Он мог простить Льву – Льва Валерик любил – но не кому-то другому.

Леру нельзя было потерять. Она была особенной. Слишком красивой. С васильковыми глазами, от гнева темнеющими до черноты, с медовыми волосами, маленькой гибкой фигуркой, стройными ногами, тонкими изящными пальцами...

Валерик понимал остальных мужчин и в бессилии сжимал кулаки.

Он не понимал Льва: как можно было бросить её? Валерик видел, как эти двое любят друг друга. Они таились, шептались, всё время ссорились. Но Лера была такой чудесной, что ей можно было простить всё, любую странность. А Лев всегда любил себя больше всех, и, наверное, дело было именно в этом.

Дверь скрипнула, потом вновь зашуршала, чертя по доскам.
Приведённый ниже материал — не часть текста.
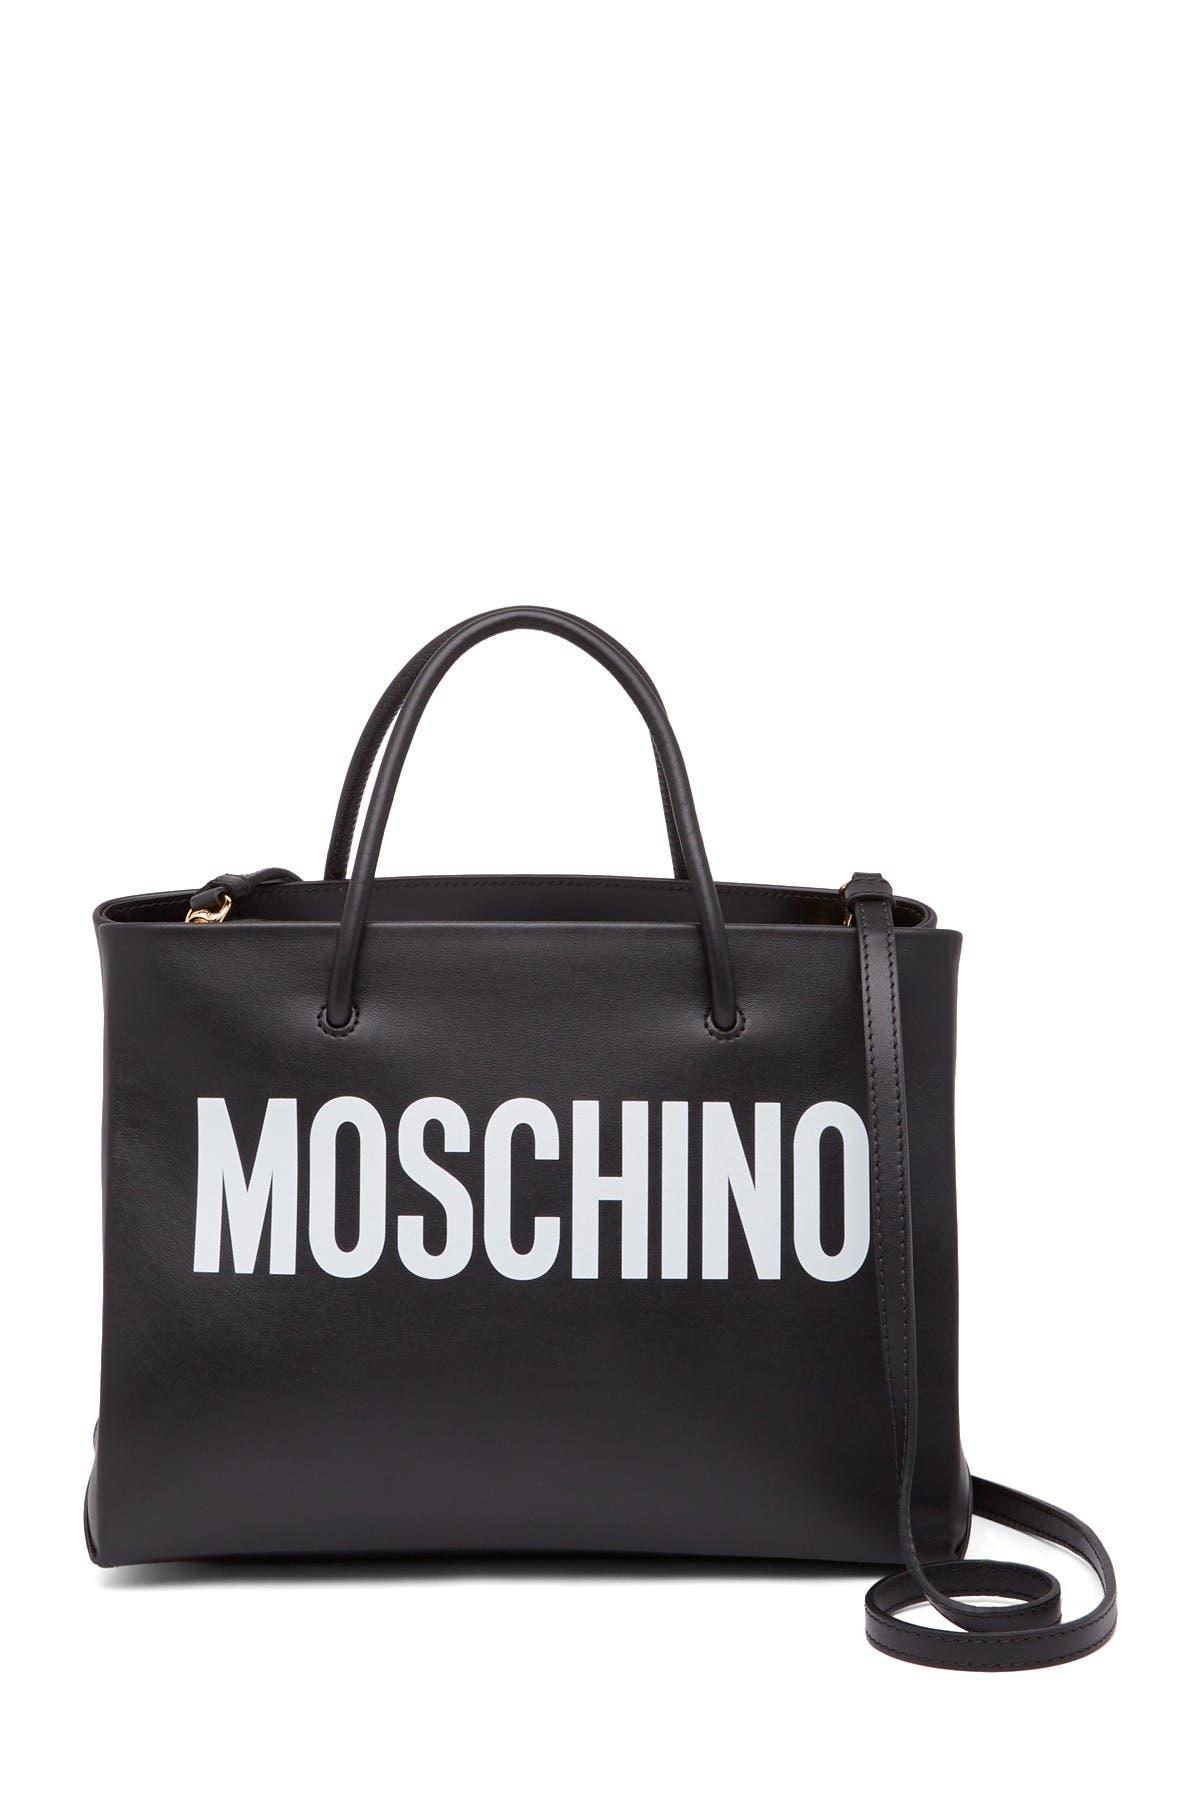 Image of MOSCHINO Logo Printed Leather Mini Tote

Звук получался такой, словно морская волна облизывает крупный песок.

Мелькнул Лерин силуэт, едва различимый в темноте.

Валерик приподнялся на локте, ожидая, что она снова попросит что-нибудь или отдаст ему ребёнка, но она сказала:

– Валер, мне страшно...

– Что случилось? – он поначалу не принял её слова всерьёз.

– Там кто-то смотрит в окно снаружи.

– Кто смотрит?

– Я не знаю, – Лера наклонилась к брату, пытаясь разглядеть его лицо. – Страшный, лохматый. Мелькнул в окне и исчез.

– А малыш?

– Спит.

– А окно?!

– Я закрыла, сразу закрыла. Ты посмотришь?

– Да, я посмотрю.

Валерик встал и принялся натягивать штаны. Сам чёрт был ему не брат в эту минуту: он слишком сильно ревновал, чтобы думать о чём-то ещё.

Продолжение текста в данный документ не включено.